Ouvrons-nous maintenant à une tout autre perspective, celle de la constante confrontation, pour l’appeler ainsi, entre mémoire et oubli. Au lieu donc de voir ou d’entrevoir mémoire et oubli comme des entités opposées s’annulant réciproquement, saisissons-les dans une sorte de dialectique ou, si l’on préfère, une forme de complicité. Cela peut d’ailleurs valoir autant pour la sexualité reproductive que pour celle que nous nommons la sexualité érotique. Mémoire, pour chaque membre du couple, restée toujours présente, voire active, de sa propre enfance, qu’elle ait été vécue comme fondamentalement agréable ou désagréable, souvenirs susceptibles, si flous soient-ils, d’induire des visées réparatrices ou au contraire de vouloir faire revivre à son enfant quelque chose de similaire. A cet égard, il s’ensuit qu’il puisse y avoir ou non des divergences de taille entre les deux parents. Tantôt ce qui gît dans la mémoire de l’un comme souvenir perceptif considéré comme agréable pourrait être vu par l’autre comme une expérience subjective dont leur enfant n’aurait que des conséquences fâcheuses. Tantôt par contre les deux parents tendraient de concert à imposer à tout prix à leur enfant des convictions procédant de leurs souvenirs et jugées par eux comme très utiles, sinon nécessaires.

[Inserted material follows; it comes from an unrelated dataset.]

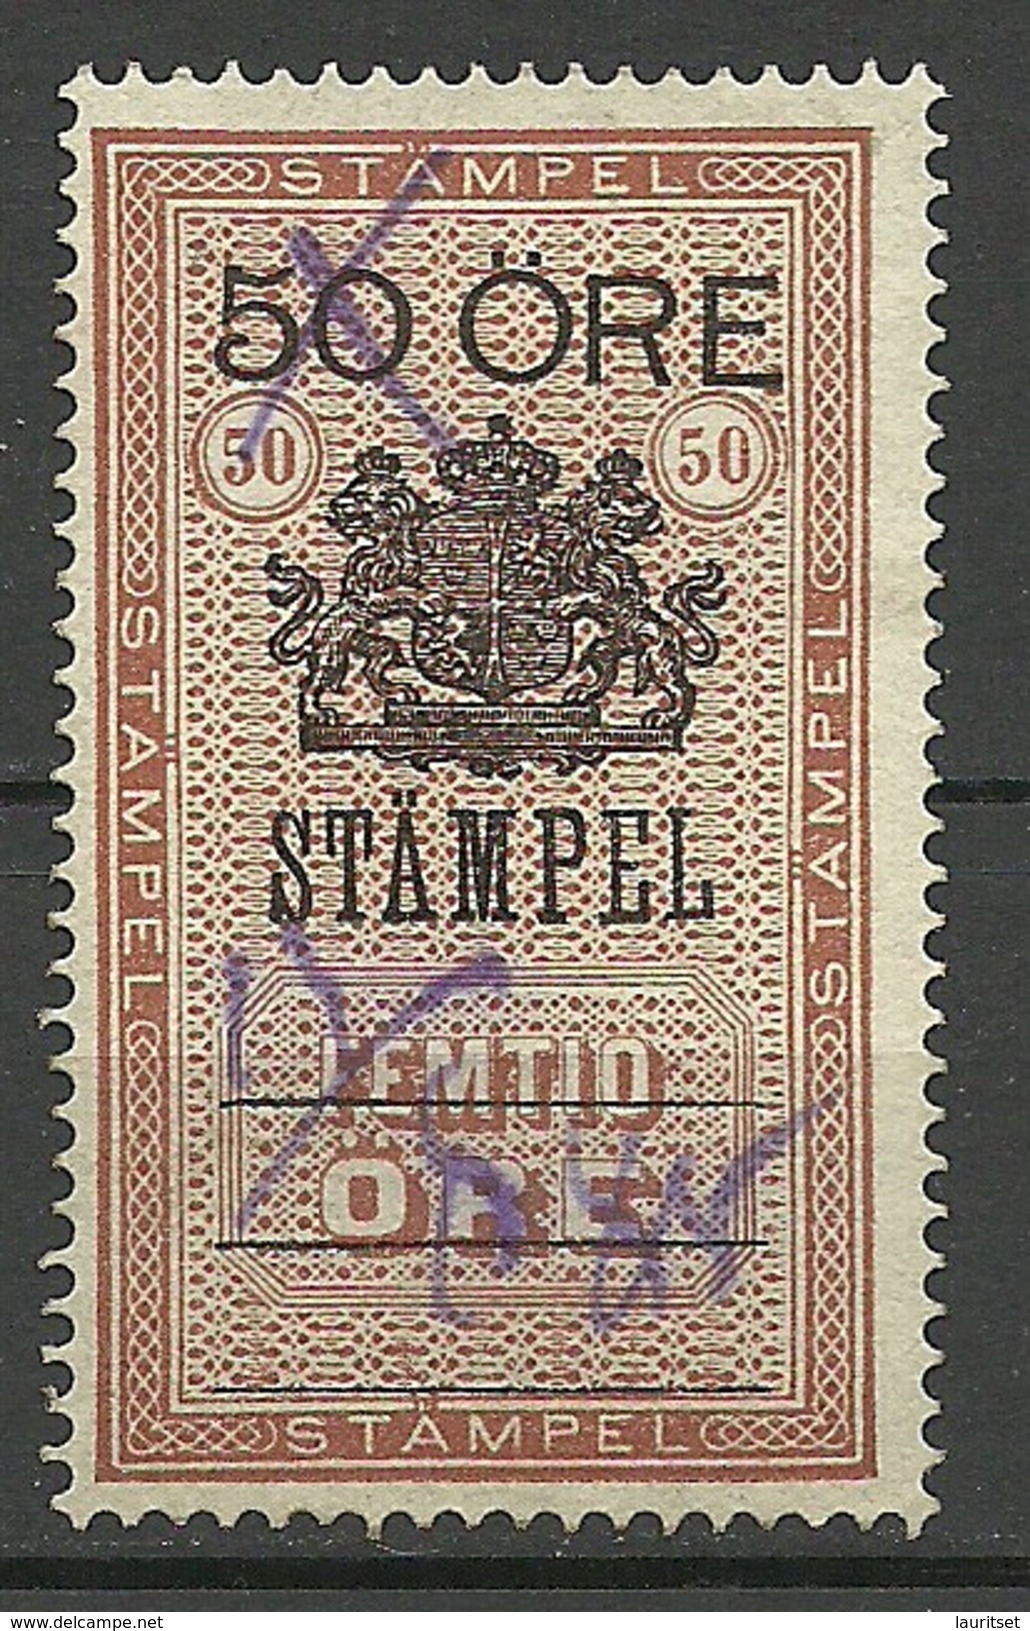 SCHWEDEN Sweden O 1885 Stempelmarke 50 öre O - Steuermarken

Si nous nous déplaçons maintenant du côté d’une sexualité éminemment érotique, le « dialogue » incessant entre mémoire et oubli pourrait être censé nous jouer de drôles de tours. Chacun des deux partenaires en cause peut être dominé par une recherche obsédante à la fois de percevoir des sensations érotiques qui n’auraient jamais été effacées de sa mémoire corporelle, sensations peut-être quelque peu fantasmatiques dans le sens d’un plaisir obligatoire par principe, mais jamais vraiment atteint, ou alors de devenir capable de déconnecter un plaisir éprouvé de sentiments de transgression et par là de la culpabilité inlassablement associée au plaisir. Bref, être enfin devenu capable, chacun des deux, même si c’est avec une intensité différente, de s’ouvrir à un plaisir à l’état pur qui, entre autres, devrait pouvoir s’obtenir chaque fois sans des soubresauts inquiétants.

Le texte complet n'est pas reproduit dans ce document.